* Supplied data *
------------------------

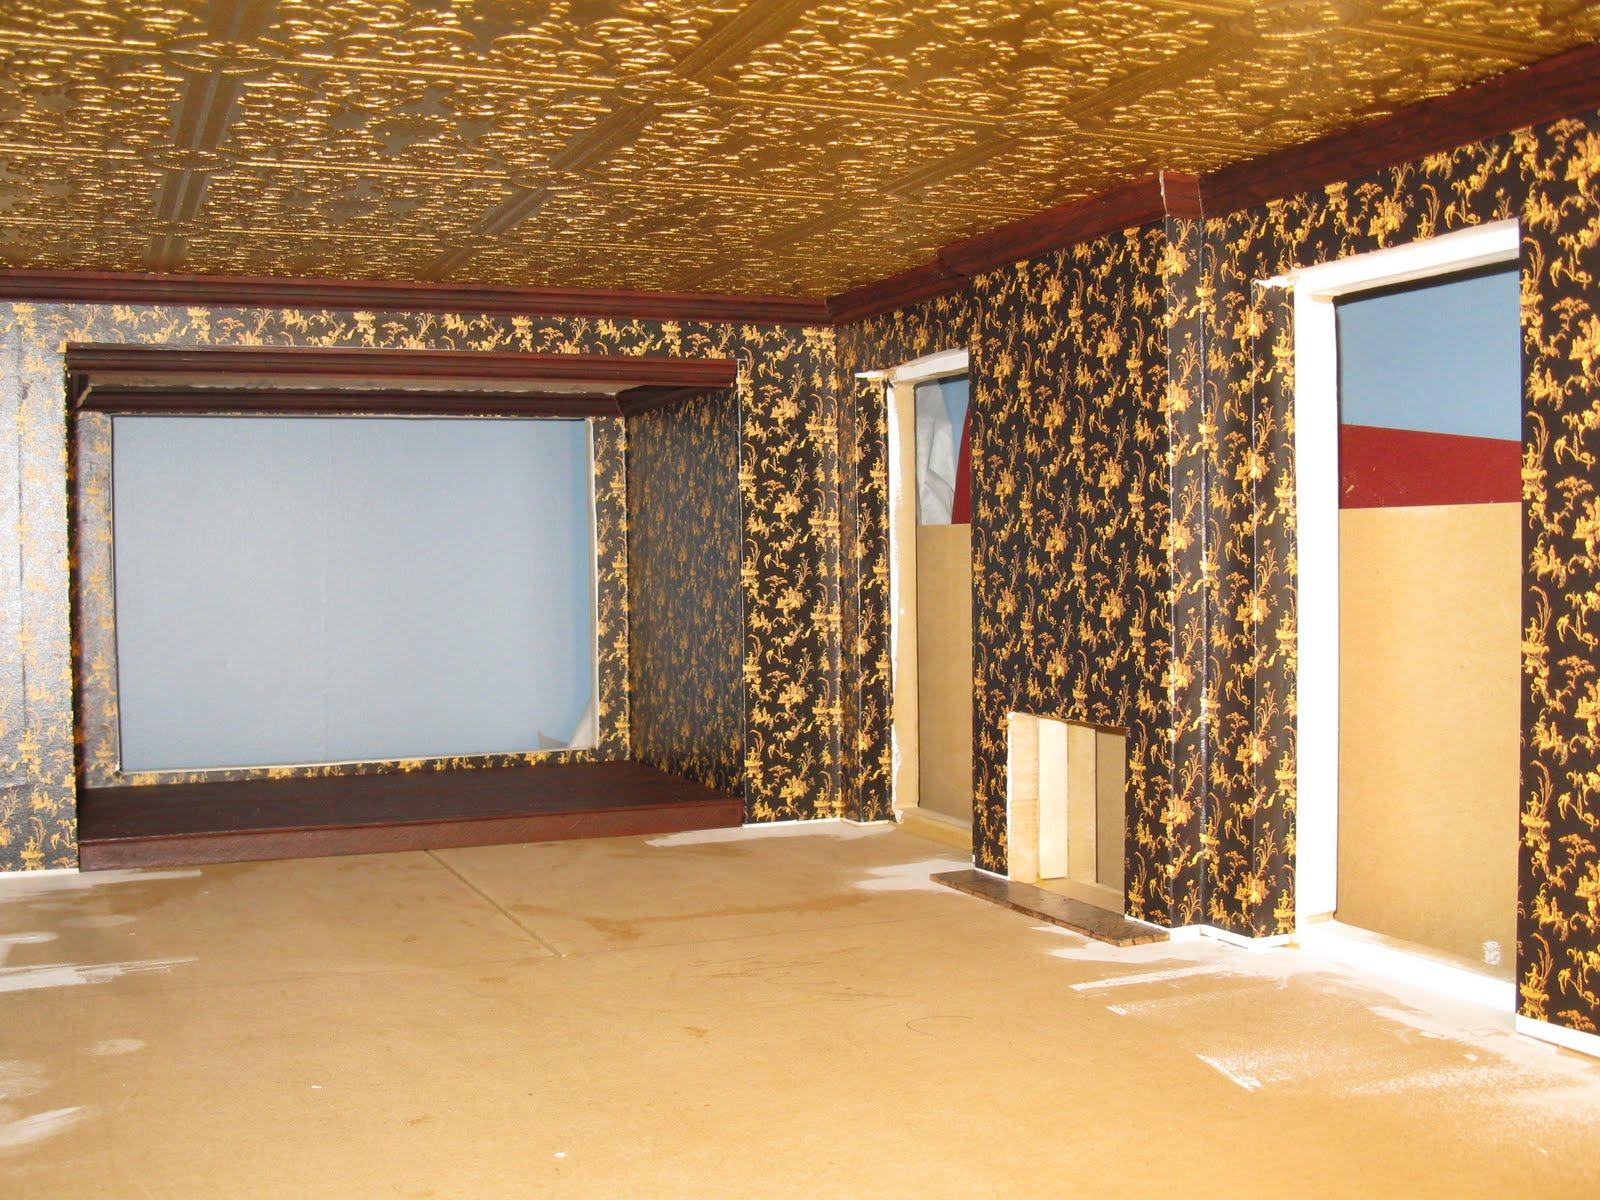 46 dollhouse ceiling wallpaper on wallpapersafari - Late victorian wallpaper ...
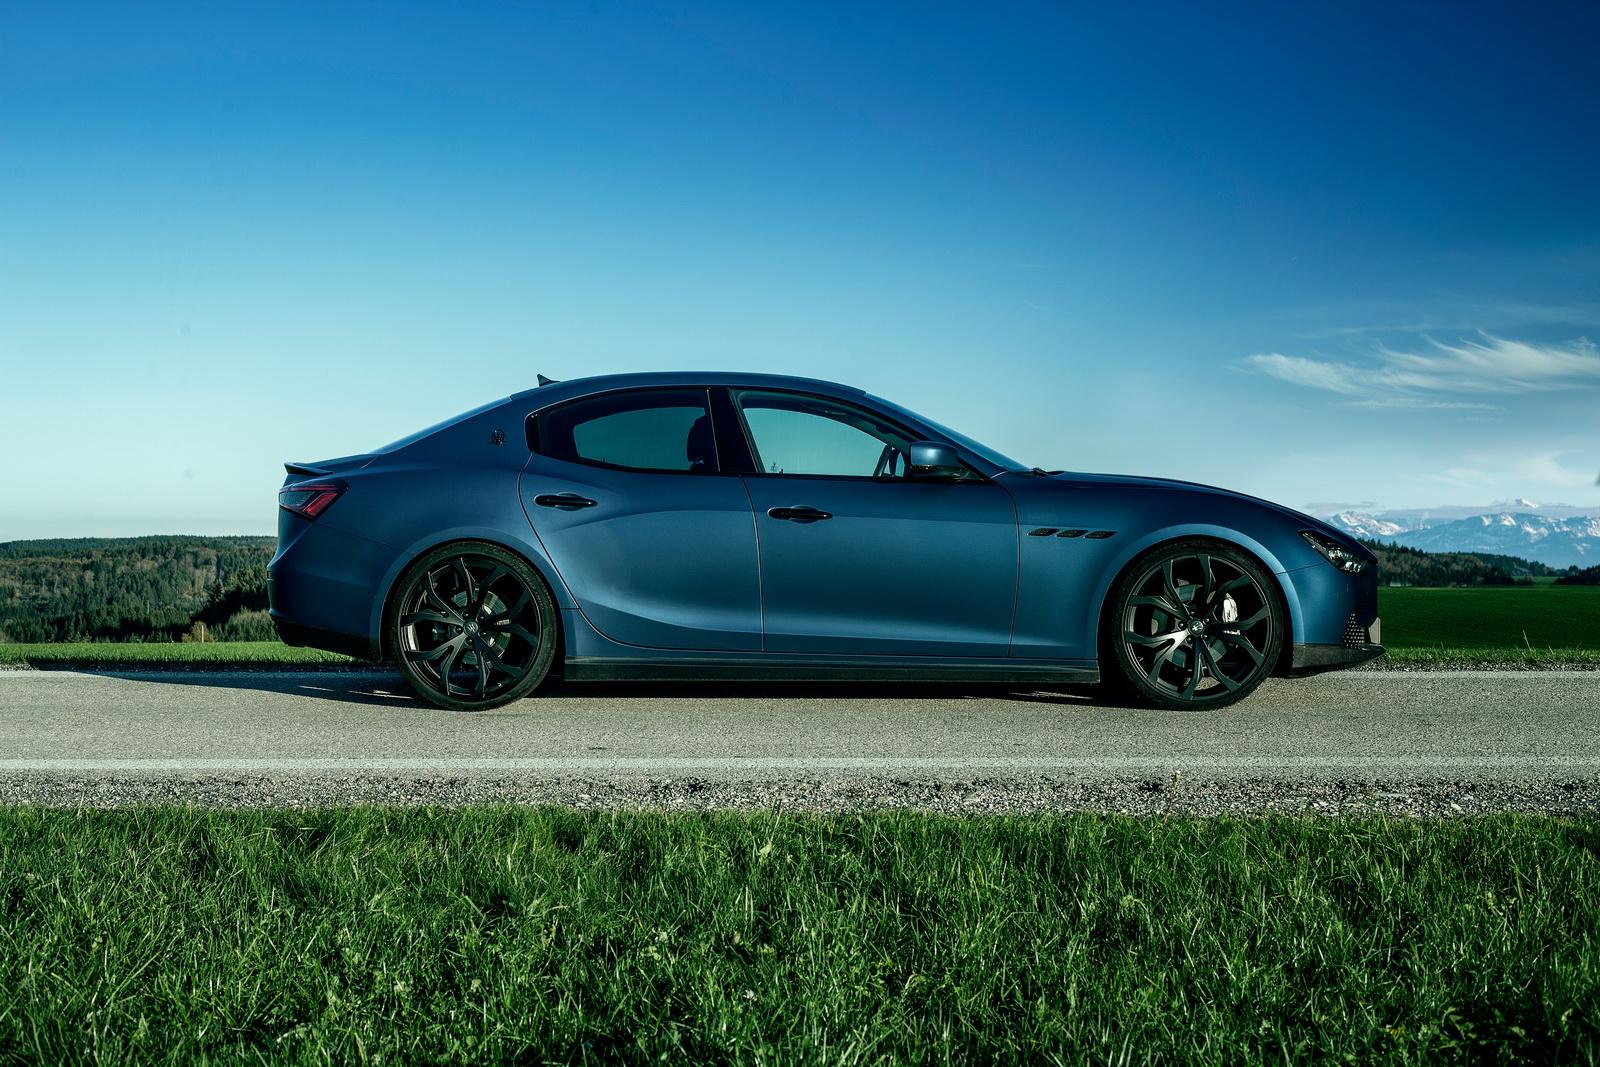 New Maserati Ghibli Power-Tuned by Novitec | Carscoops
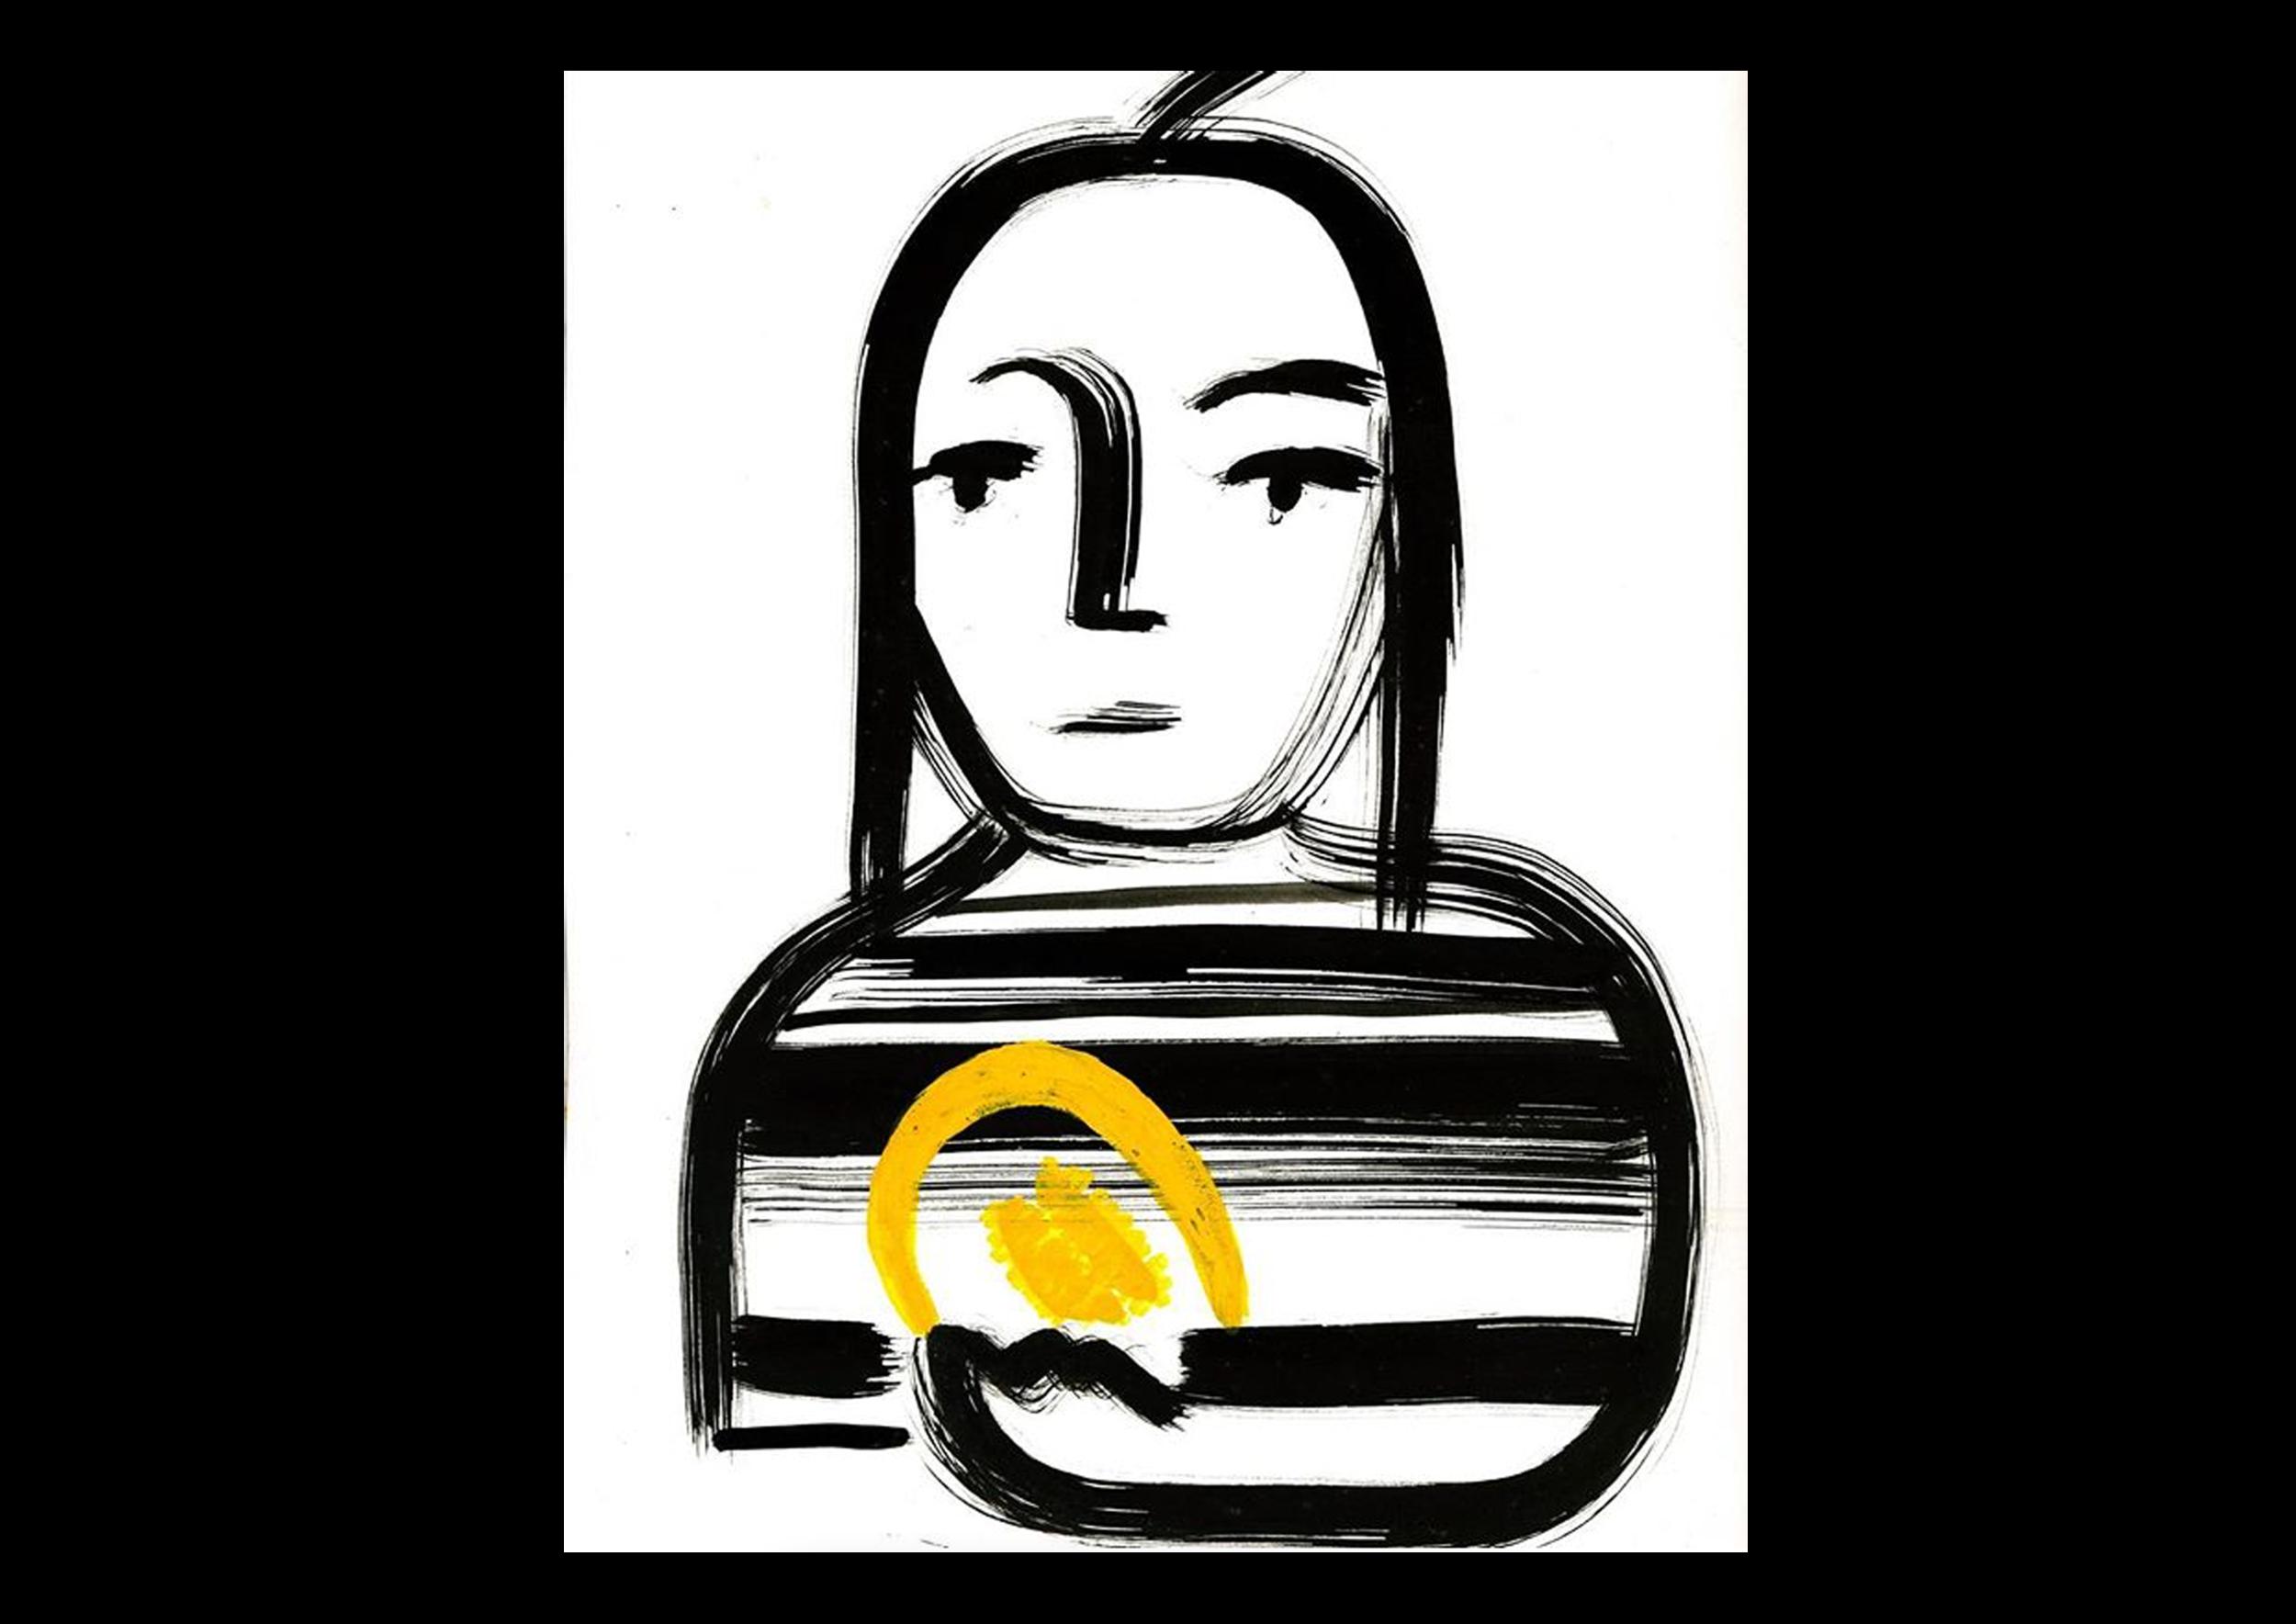 portrait illustration by julia Aumann  NO BAD THOUGHT 'MONA WITH MELON'

------------------------

* Activity *
Quote the material word for word, dropping any images it holds.

* Solution to this problem *
 46 dollhouse ceiling wallpaper on wallpapersafari - Late victorian wallpaper ...
 New Maserati Ghibli Power-Tuned by Novitec | Carscoops
 portrait illustration by julia Aumann  NO BAD THOUGHT 'MONA WITH MELON'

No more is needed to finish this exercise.